Source DB:  PubMed          Journal:  Dialogues Clin Neurosci        ISSN: 1294-8322            Impact factor:   5.986


Despite mounting evidence to the contrary, current pharmacological practices largely ignore or minimize individual and cross-group variations, which often are extremely sizable. Textbooks and package inserts provided by pharmaceutical companies give a fairly narrow range for dosing recommendations. Consequently, medications prescribed in the clinical setting are way too little for some, and grossly excessive for others. There are also currently no rational guidelines for choosing one class or type of medication over the other (eg, selective serotonin uptake inhibitors [SSRIs] vs others). This approach of “one size fits all” is often the reason for poor treatment response, noncompliance, severe adverse effects, unnecessary hospitalization, and even mortality. Pharmacogenetics and pharmacogenomics (PG) hold great potential for addressing these issues. In fact, while the field continues to progress with lightning speed, with much more valuable information still forthcoming, a great deal is already known about factors governing both the pharmacokinetics and pharmacodynamics of many drugs, and the technology is largely there to put these into clinical use. A number of major obstacles are likely responsible for this apparent discrepancy between the progress of PG on the one hand, and its clinical application on the other. These include (i) feasibility of incorporating PG input, into clinical decision-making, which might, be termed clinical pharmacogenomics (CPG), and the impact of such an approach on clinical outcome; (ii) complexity and apparent “overabundance” of PG information vis-à-vis drug response; (iii) inherent “inertia” hindering the “diffusion of innovation,” and the need for incorporating PG approaches into medical education; (iv) problems related to the “economy of scale;” and financial support for new approaches. In the following article, we will briefly review the literature suggesting that CPG is feasible and clinically relevant, and that depressed subjects treated with the CPG approach will show significantly fewer side effects (greater tolerability), greater treatment adherence, better clinical outcome, and a lower rate of relapse. Such data should be encouraging for medical educators and policymakers in moving forward with the broad adaptation of CPG as part of the standard of care, and the realization of the goals of what, have been generally called “individualized” or “personalized” medicine.

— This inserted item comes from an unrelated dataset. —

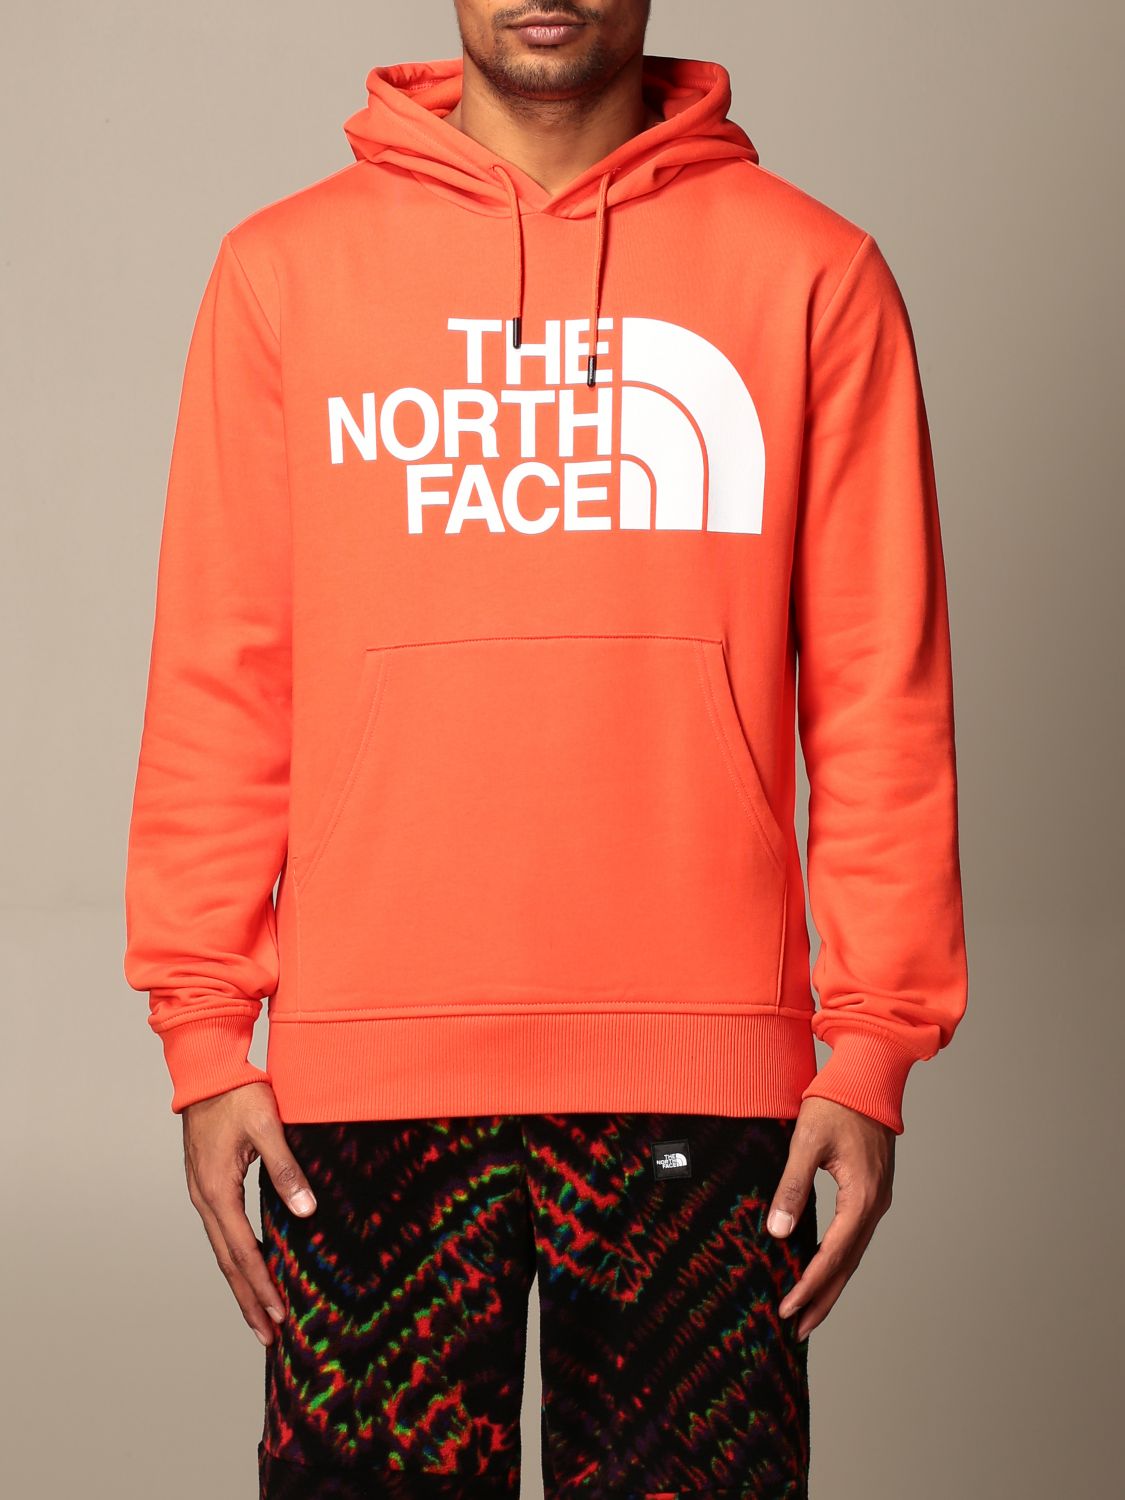 The North Face Outlet: Sweatshirt homme

The prevalence and impact of clinical depression

Extensive clinical and epidemiological data, accumulated over the past several decades, consistently indicate that clinically significant depression is a highly prevalent condition. Using the Composite International Diagnostic Interview, a revised structured clinical interview instrument derived from the Diagnostic Interview Schedule, the National Comorbidity Study found that up to 25% of the general population in the US are at risk of developing DSM-III-R-defined major depression at. least once in their lifetime.[1] Utilizing similarly sophisticated research designs and assessment instruments, a number of well-designed studies also have been conducted in other countries, ranging from France to Korea.[2] Together, these studies convincingly demonstrate that depression is a worldwide phenomenon, and is a serious public health problem in any society.[3] Approximately 15% of the people who suffer from major depression eventually end their lives with suicide,[4] making suicide one of the ten major causes of death in many countries in recent, years. Recent, studies have also demonstrated that depression is frequently associated with significant morbidity, mortality, and functional impairment, and often incurs substantial financial costs to society comparable to, or exceeding, many other relatively common medical problems such as hypertension or diabetes.[5] In addition, recent studies have shown that depression is a major risk factor for other life-threatening medical conditions, such as heart attacks, stroke, and cancers.[6,7] Furthermore, although acute depressive episodes are often time-limited, longitudinal follow-up studies conducted in recent years revealed that relapse often occurs, rendering the long-term outcome of such a condition far more ominous. Remission is often incomplete; many continue to suffer from subsyndromal depressive conditions, which also have been shown to be associated with significant functional disability.[8,9]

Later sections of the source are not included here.